Channels and canyons are not a continental specificity. This type of incision is also found in the marine environment. Amazing? Not that much. If the channels are created on the continents by the course of the rivers, in the marine environment, they are created by the flow of fluids denser than the sea water which descends the slopes of the continental slopes.

The similarity between these underwater channels and our rivers is also striking: meanders, levees, areas of deposits or erosion… The architecture of these two types of channel systems is very similar. Just as much as the fluvial channels at Earthocean channels are essential to the functioning of major sedimentary and biogeochemical cycles.

Real underwater rivers

In fact, in the same way that rivers transport sedimentary particles from erosion zones to deposit zones, underwater channels distribute eroded continental material towards the open sea. But not only that. They contribute to redistribute very widely the carbon as well as nutrients as the ironthe calciumthe phosphorus and the sulfide, so important to marine organisms. They are truly the relay terrestrial river systems.

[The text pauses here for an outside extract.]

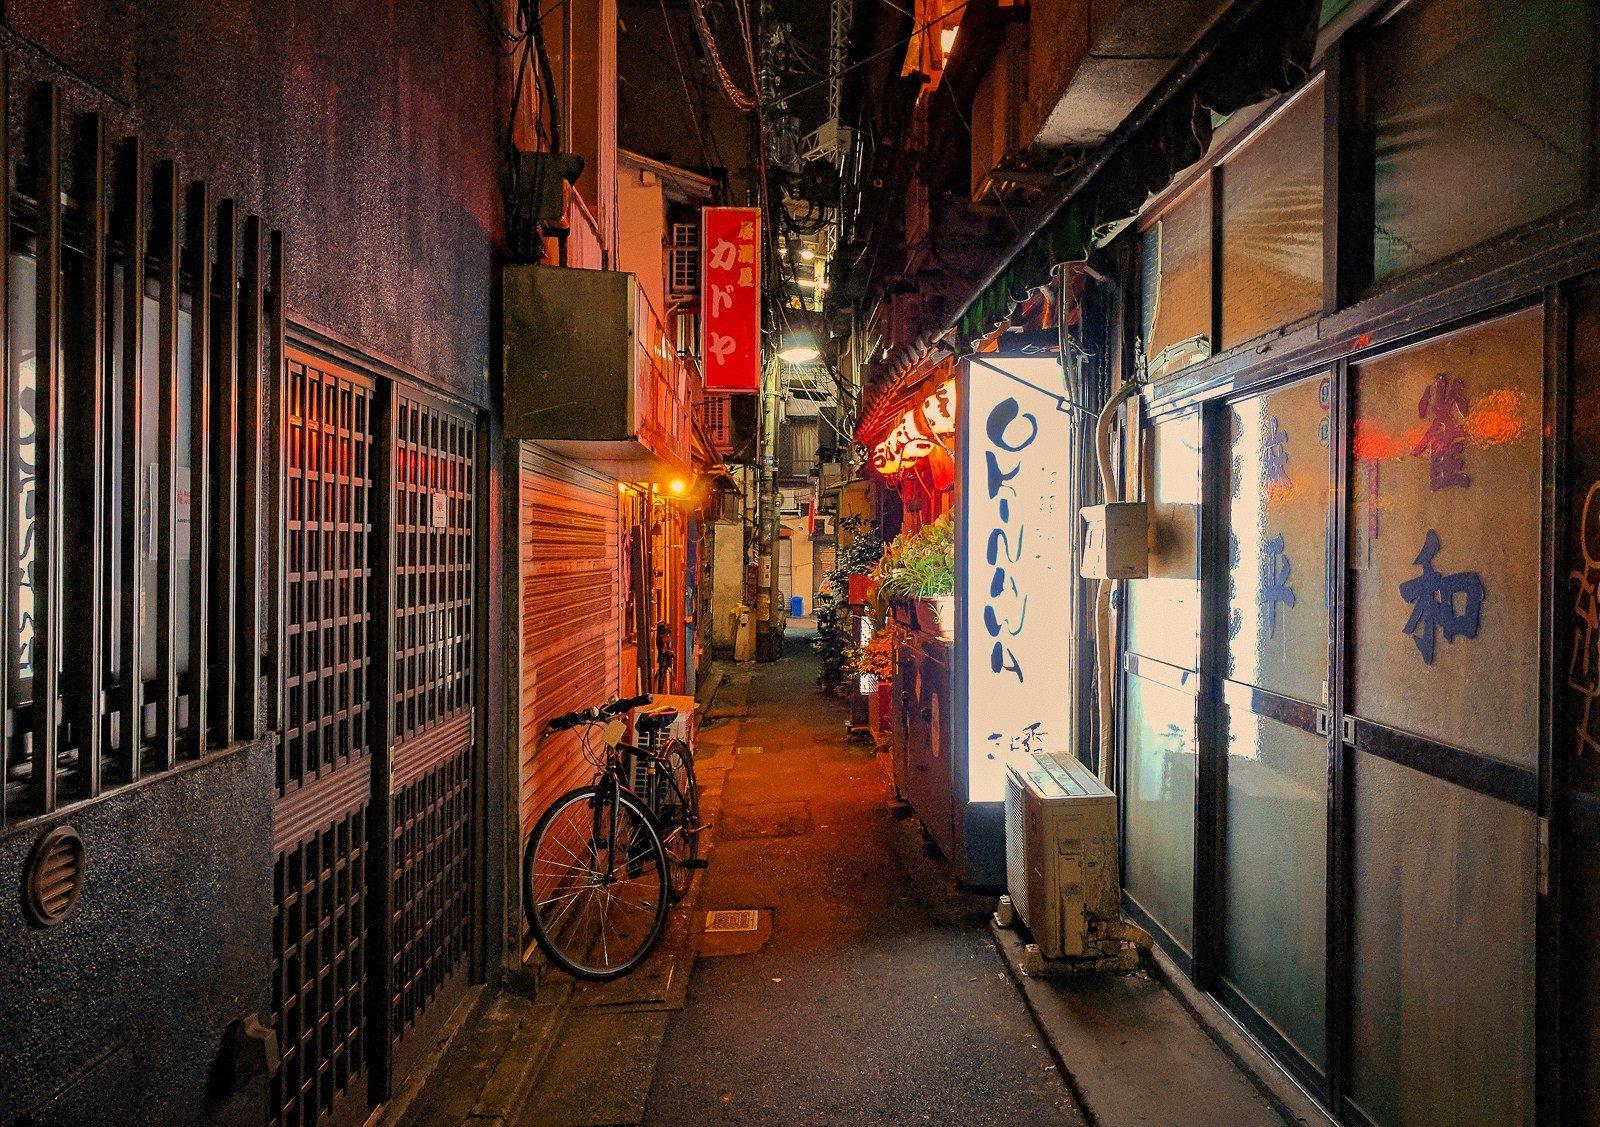 Koenji - The Original Cool Tokyo Neighborhood

The Bengal channel, for example, thus transports enormous quantities of eroded sediments on the Himalayan slopes and redistributes them in the Indian Ocean, thus contributing up to 10 to 20% to the burial of global organic carbon. These systems therefore play a major role in the carbon storage, and therefore for the climatic balance over geological time. This large storage capacity also makes them ideal areas for the maturation of hydrocarbonsespecially in the deep margin areas.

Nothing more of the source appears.